We get many comments from people who have quite obviously pre-judged our website and written-off the value of our computerised predictions, although the comments are usually disguised as rhetorical questions. Typical of the comments we get are such things as "How can a computer possibly predict the outcome of a football match?" and "How come your computer program said last week that such-and-such team would win 3-0 when it lost 2-3?" And perhaps you think exactly the same way.

First, though, ask yourself whether or not you think that it should be possible to get reasonably close to deciding if a team ought to win a match (or otherwise) if you did enough background research. If you don’t think it is possible, then let me turn the tables and ask you a rhetorical question: How do you think the Bookies can set the Odds in order to make themselves rich if they aren't able to predict the probable match outcomes correctly, often enough? Yes, once you have been forced to think about it properly, it is perfectly obvious that the Bookies must employ a worthwhile system of some sort, otherwise they wouldn't be able to stay in business for long. So what we did was spend a considerable amount of time, money and effort, over the course of very many years, to try to emulate what the Bookies do – by devising a valid basis for predicting what the most likely outcome would be of any League-based football match.

We could bury you in prediction theory here, and bore you to tears about how our computer program works. But we won't do that. Instead, we'll just jump to the facts. Firstly, overall (and which is very easy for you to check via the interactive tools you can find on our website), the Bookies expectations and our posted predictions have about the same chance of success (although the Bookies have the advantage of the Over-Round (mark-up) to cushion them when things don't go as expected, and which happens more times than you might imagine, although usually not through any fault of theirs). Secondly, we have gone the extra mile to invent a tool (SoccerPAT) that allows you (the visitors to our website - all of you) to analyse what happened to our predictions, right down to the individual team level if you so want. You would not be able to do that without a computer program to compile the vast array of databases that are necessary.

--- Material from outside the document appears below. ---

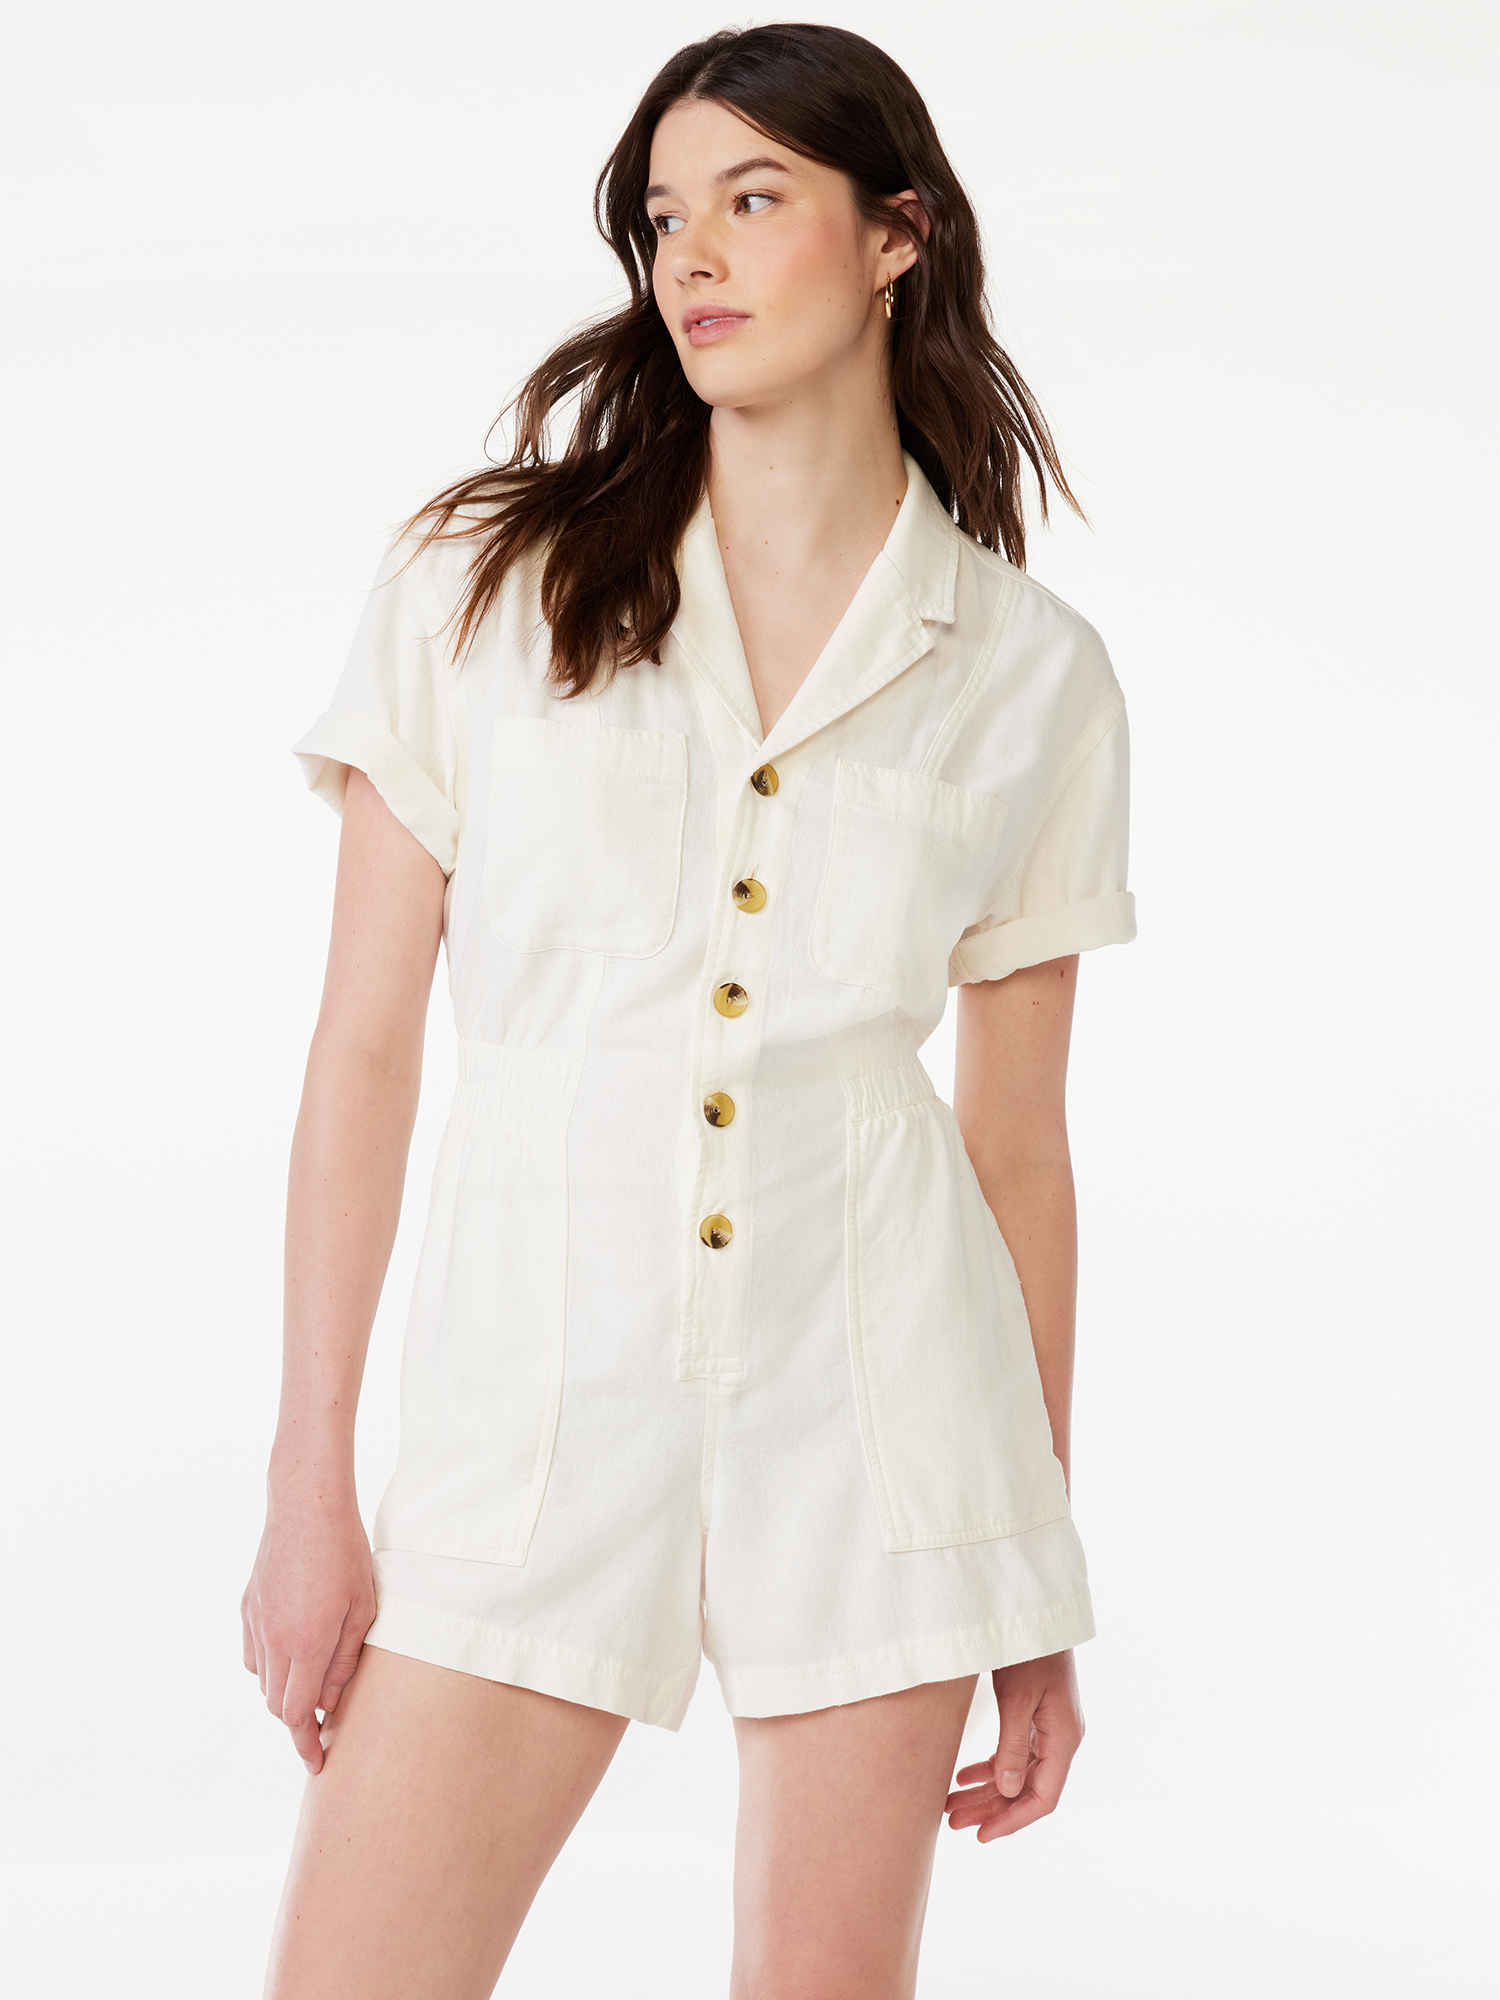 Free Assembly Women's Short Sleeve Romper with Elastic Waist - image 1 of 6

Thirdly, before you select a team to bet on, you can get an initial clue as to the team's likely performance just by analysing the Odds being offered by the Bookies, plus you have your own brain to rely on (but only if you can be bothered to do the necessary research work, of course). So, that means that nobody has to rely blindly on what a computer prediction says about the outcome of any particular match. But where a website such as ours supplies you with all the checkable background data showing precisely what lies behind its computer's predictions, then using your own brain in conjunction with the computer's output will surely make it much easier for you to make more valid betting selections than if you were relying on just your own intuition alone, even if backed up by the Bookies' expectations.

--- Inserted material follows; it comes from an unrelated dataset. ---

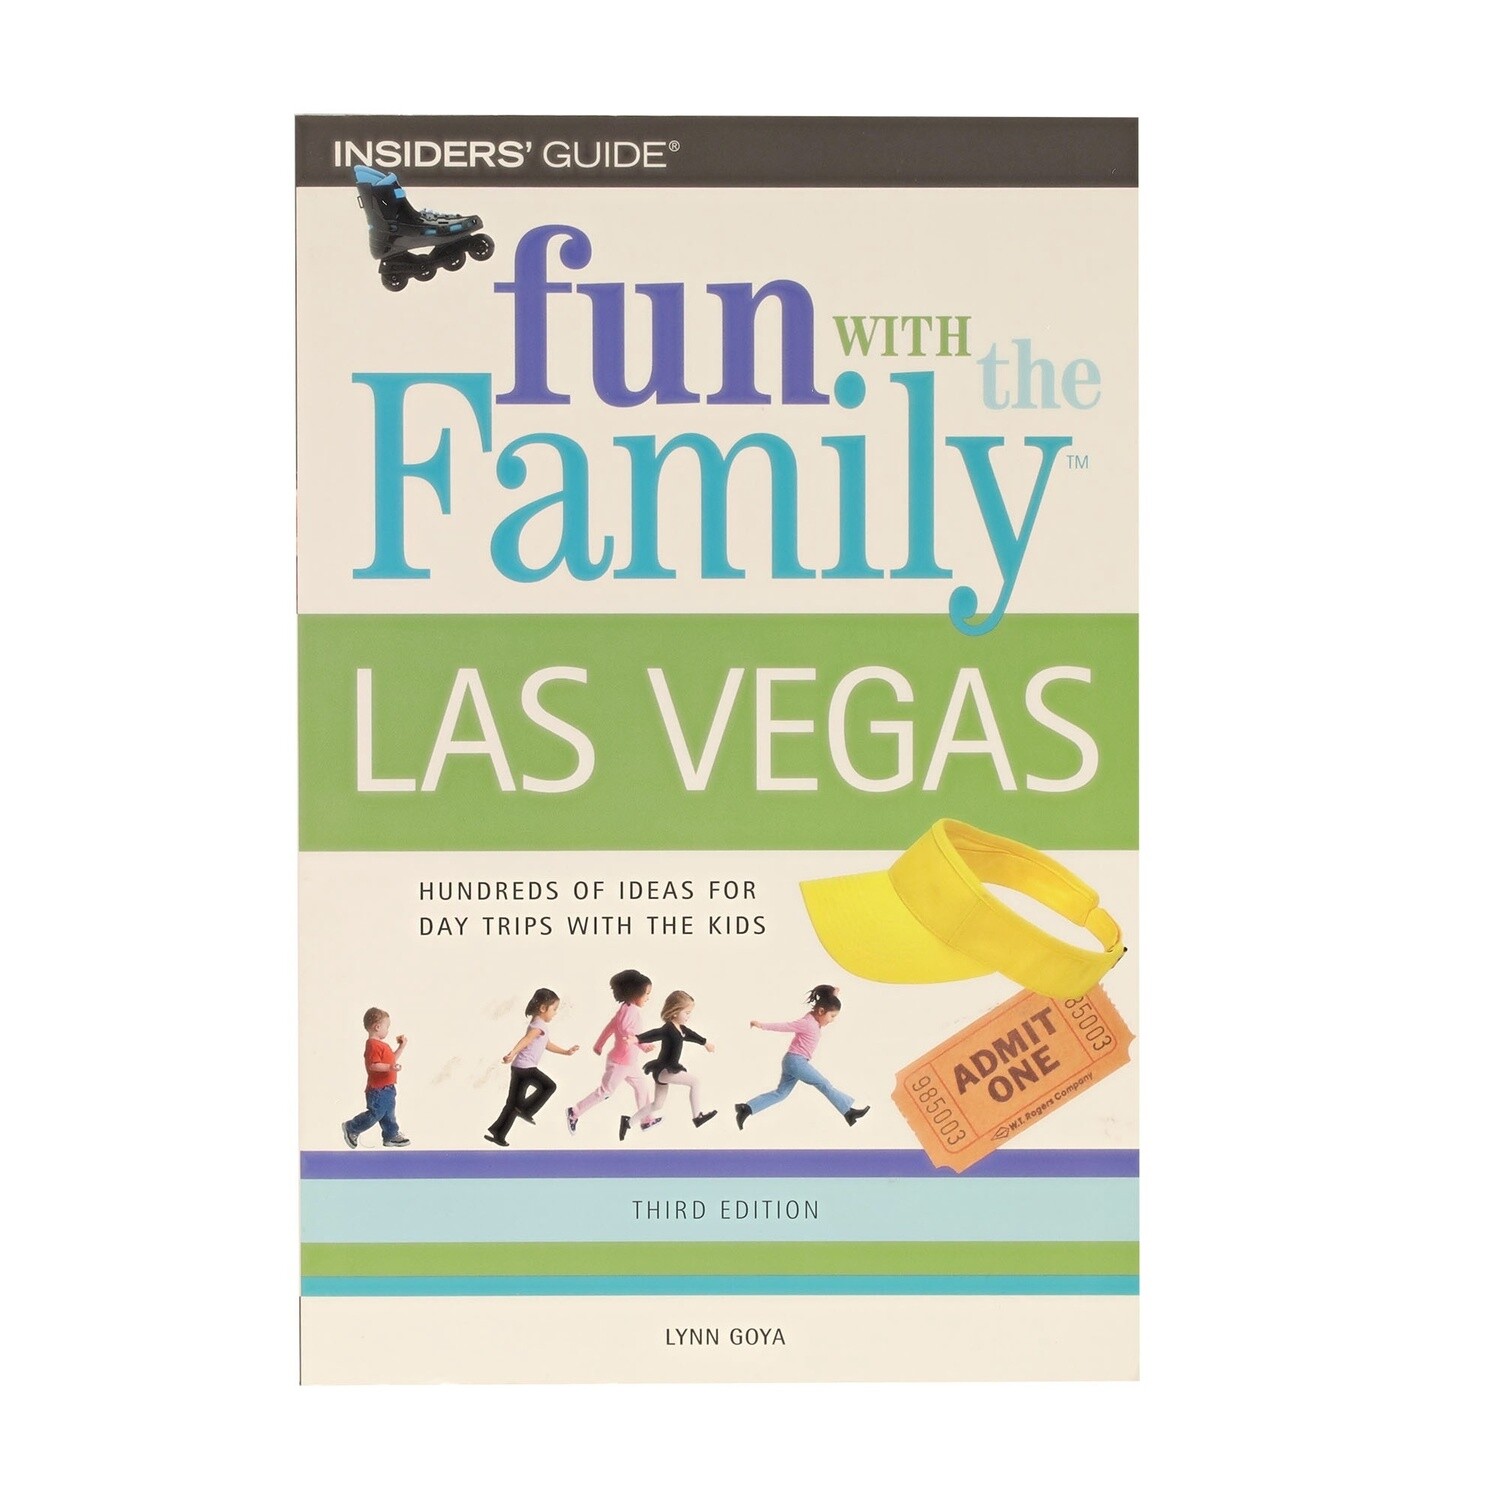 Fun with Family in Las Vegas Hundreds of Ideas for Day Trips with the Kids Third Edition by Lynn Goya

But then we come to the fourth and final point: the proof of the pudding is in the eating. So go take a look at the SoccerPAT output for Week 3 of the European soccer season. You can do that by clicking on the big red SoccerPAT icon on the Home screen or by clicking this link to see the screen shot. You will see 6 matches listed where our computer program predicted a Home Team win with a score-line of 2-0, and the Bookies too thought 4 of them would be Home Wins. You will also see that 3 of them did actually finish with 2-0 as their score-line. And, overall, the return was 49% on the singles "win" stake. But now you ask, so what about the overall situation if we had bet on the exact same parameters for Weeks 1, 2 and 3? Well, all you have to do is click on the "Summary for Season" link on the SoccerPAT Week 3 screen to see the answer: 3 straight weeks of wins, where betting on the Doubles would have given you a return of 65.35% profit (again, you can also see the screen shot here).

So, what was your question again? How can a computer possibly predict the outcome of a football match? I think we have answered that, and also proved that the pudding is very tasty! The SoccerPAT facility could help you find lots of excellent betting opportunities if you are prepared to open your mind to the possibility that computerised soccer predictions might be a good thing!